Nous relayons un témoignage de l 'ADDE que notre amie Eva Lock-Khuwua nous a posté hier sur le déroulement musclé d'une rafle dans le quartier de la" Goutte d'Or" survenue en Juin à Paris dans le XVIII 7ME arrondissement. Les flics n'y allèrent pas de main morte comme d'hab'. Il m'est arrivé à moult reprises d'assister et  de m'opposer à ces démonstrations de force, d'intimidation, de division des populations vivant là: Maliens, Algériens, Tunisiens, Ivoiriens et de finir souvent au poste alors que j'habitais moi-aussi rue de la Goutte d'Or, à l'angle de la rue Caplat. Le déploiement de force était accompagné  inéluctablement de "brutalités et de violences policières".J'ai quitté le quartier quelques années après l'ouverture du super commissariat où chaque nuits étaient "déversés" de nombreux interpellés ou bien d'où repartaient les cars avec à bords des braillards sur-équipés ravis d'aller en "mission de terrain" et fiers à l'idée de rapporter son butin de "bétail humain". La construction de ce super-commissariat avait exigé la destruction impitoyable de toute une partie du quartier. Il s'ensuivit que les habitants ne connurent plus de "nuits tranquilles":Rugissement des moteurs, sirènes à donf, gyro-phares, claquements des portières, propos avinés de fashos armés en partance ou de retour de mission. Bousculades, injures, brutalités, insultes, coups pour débarquer parfois jusqu'à 20 personnes (toujours des blacks ou des rebeus majoritairement) sans que personne n'intervienne tant la peur, la crainte générées par ce climat d'occupation avaient gagné partout la population.

Tout ça se passait sous mes fenêtres, naturellement je suis intervenu moult et tentais de rallier quelques riverains...de créer des "collectifs solidaires" bien vite "désactivés"...

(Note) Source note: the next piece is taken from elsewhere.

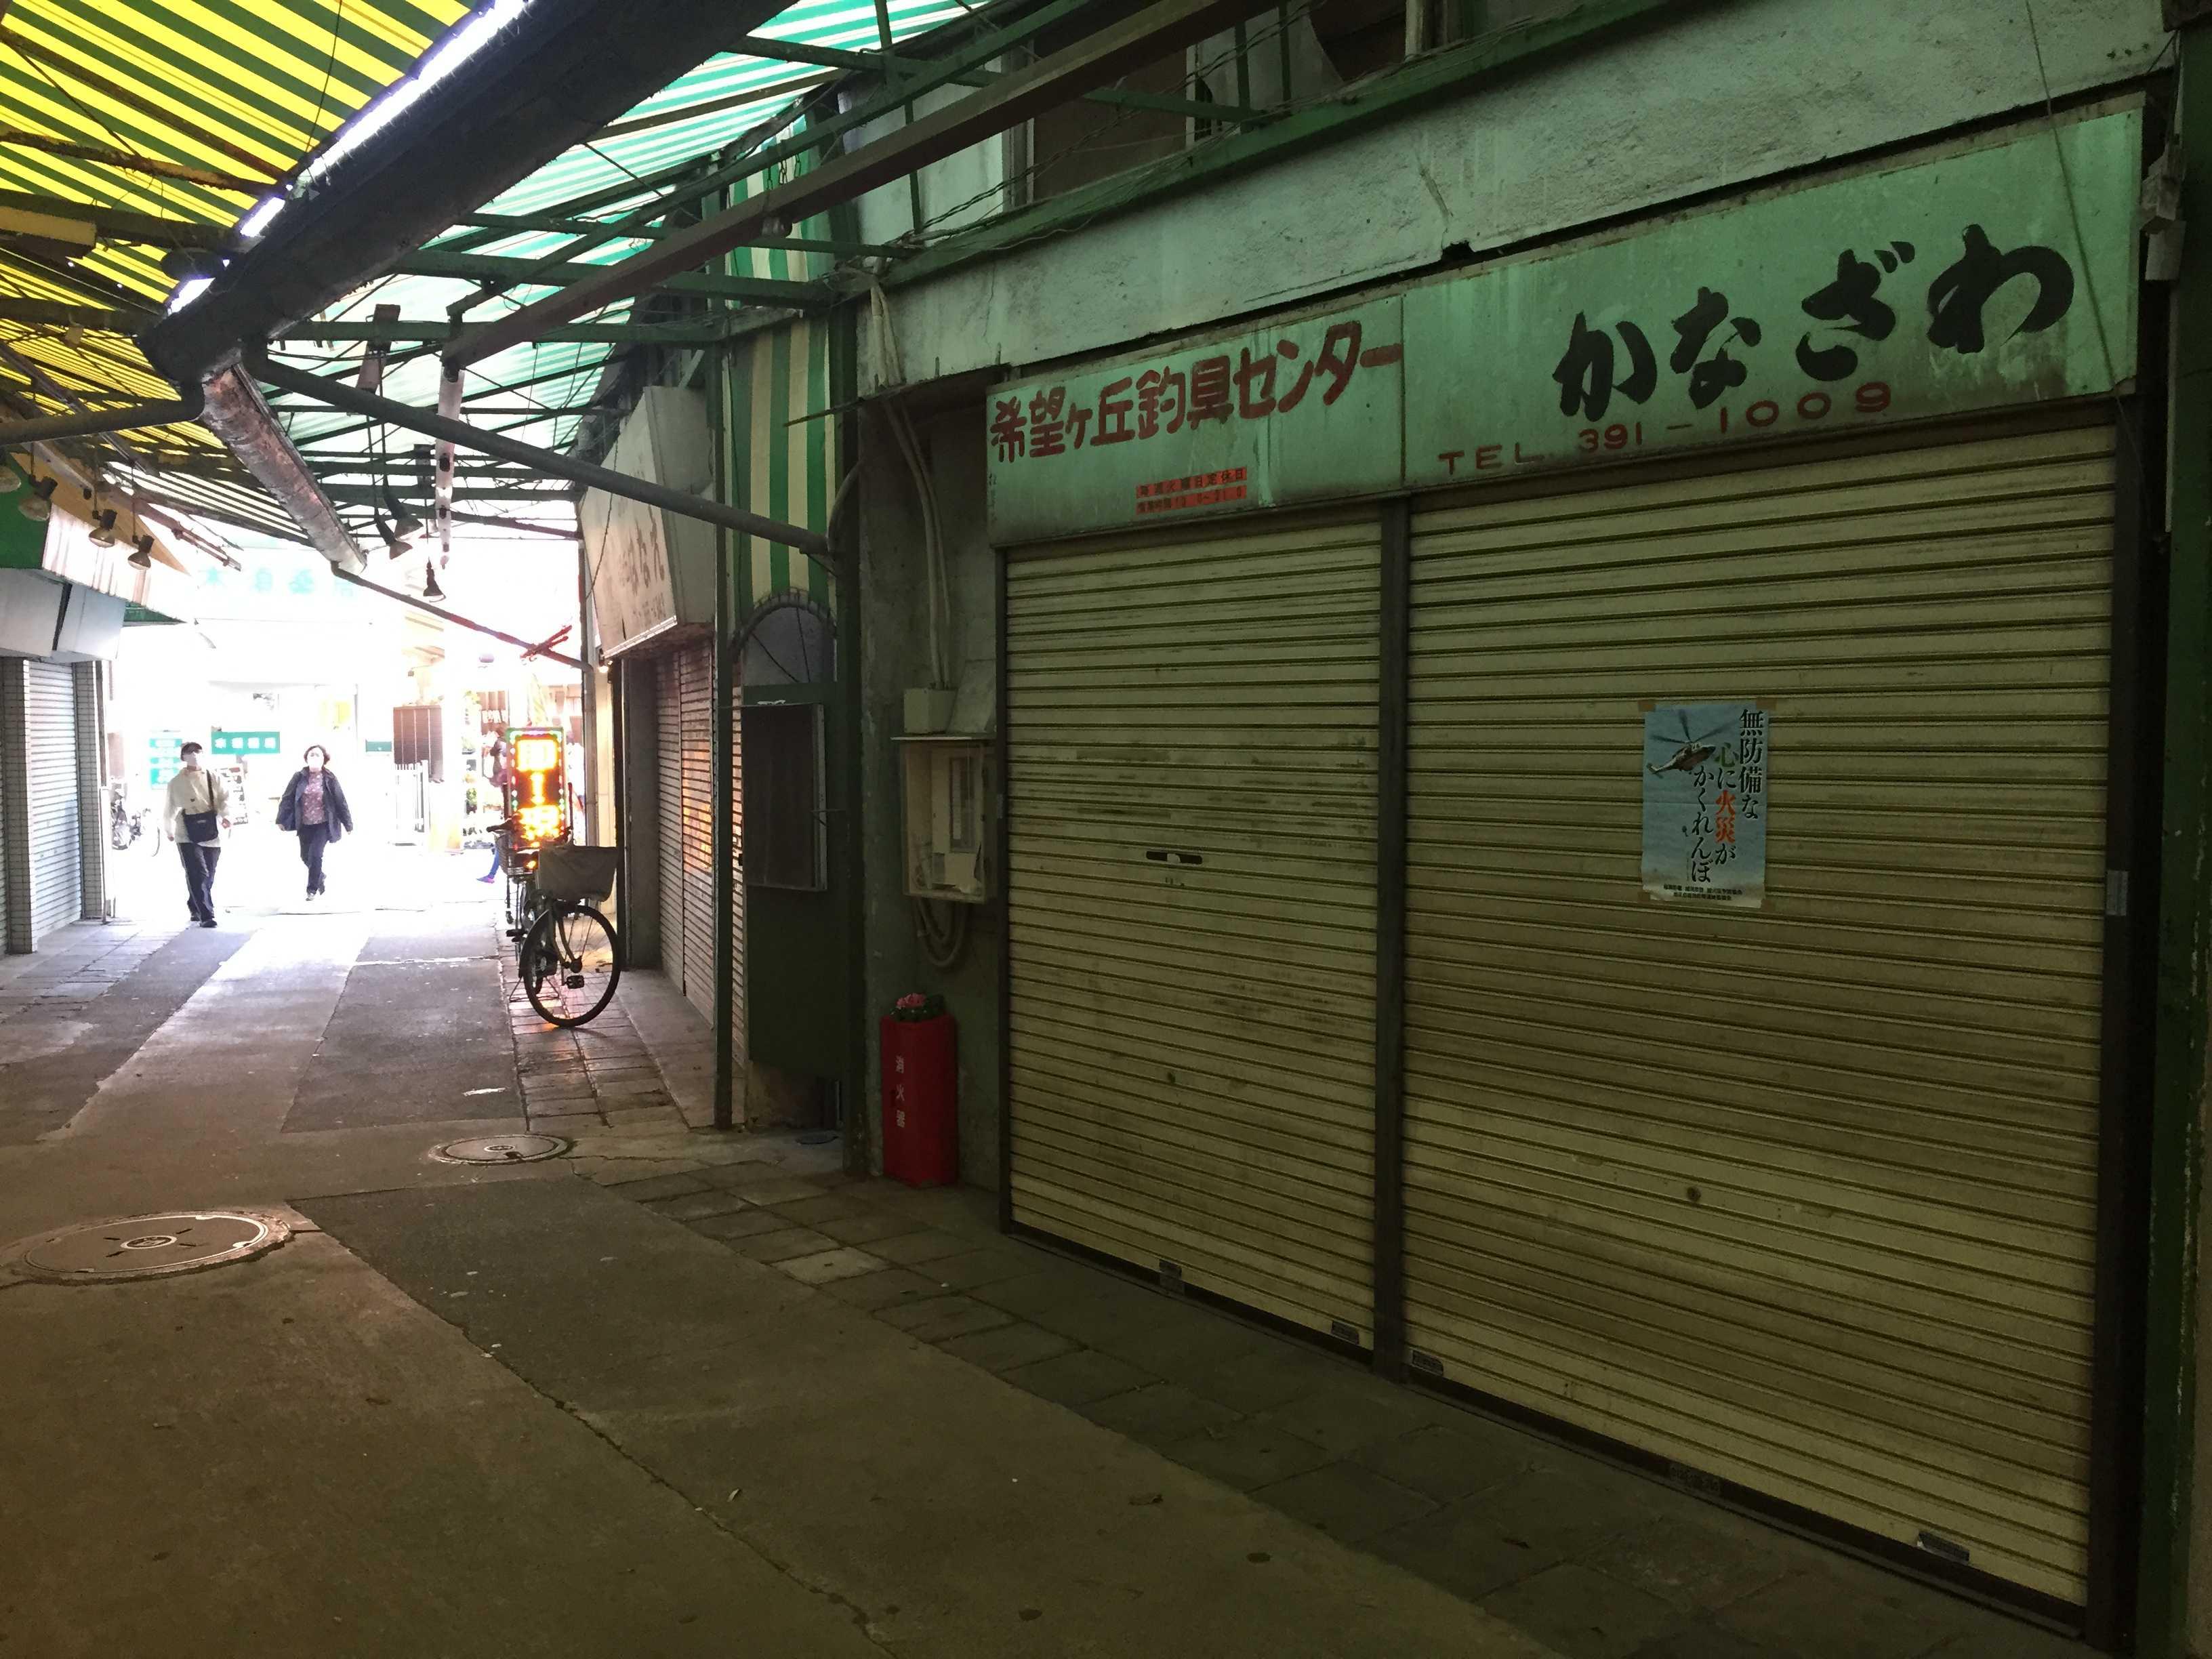 釣具屋さん - 希望ヶ丘ショッピングセンター

Je me retrouvais embarqué le plus souvent avec parfois une inculpation pour "Outrage à agents de la force publique dans l'exercice de leurs fonctions", ou encore heureux gagnant d'une paire de "torgniolles républicaine" n'entrainant aucune ITT...

 

Le quartier était devenu infernal et totalement dévasté, comme en état de siège permanent au milieu de ruines, de gravats...et des flics omni-présents, de jour comme de nuit...

 

Les réels fauteurs de "troubles à l'ordre public" portaient des uniformes et pouvaient s'abriter derrière leur statut de fonctionnaire.

 

(Steph)

 

-"On connaît maintenant le bilan de la gigantesque rafle qui a eu lieu le jeudi 6 juin 2013, dans le quartier de la Goutte-d’Or à Barbès (Paris) visant notamment les étrangers en situation irrégulière.
Aux alentours de 15 heures, arrivés à bord de plusieurs dizaines de fourgons, les CRS se déploient en travers de plusieurs rues pour procéder au bouclage d’une zone formée par la rue de la Goutte-d’Or, la rue des Islettes, la rue Capla, la rue Charbonnière, ainsi qu’une partie du boulevard Barbès. Personne ne peut pénétrer dans le périmètre et pour en sortir il faut prouver son identité française ou montrer son titre de séjour.
À l’intérieur de la zone prise d’assaut, policiers en uniforme et en civil, CRS et agents de la brigade anti-criminalité sont à l’œuvre : ils quadrillent les rues, fouillent les halls d’immeuble, les cafés et effectuent des contrôles d’identité quasi systématiques pendant près d’une heure et demie. Plusieurs témoignages font état de violences policières.
Au final, 16 personnes ont été placées en garde à vue pour des délits mineurs et au moins 32 personnes de nationalité étrangère ont été menottées et conduites au commissariat du 18e arrondissement parce qu’elles étaient dans l’incapacité de prouver leur droit au séjour en France.
Ces personnes ont été placées en rétention administrative à Vincennes et, comme la loi du 16 juin 2011 le prévoit, elles ont dû attendre cinq jours pour qu’un juge contrôle le respect de leur libertés individuelles au cours de la procédure. Précisément, les juges de la liberté et de la détention ont annulé les trois quarts (24 sur 32) des procédures – entraînant la libération des intéressés – pour contrôle au faciès ou notification tardive des droits.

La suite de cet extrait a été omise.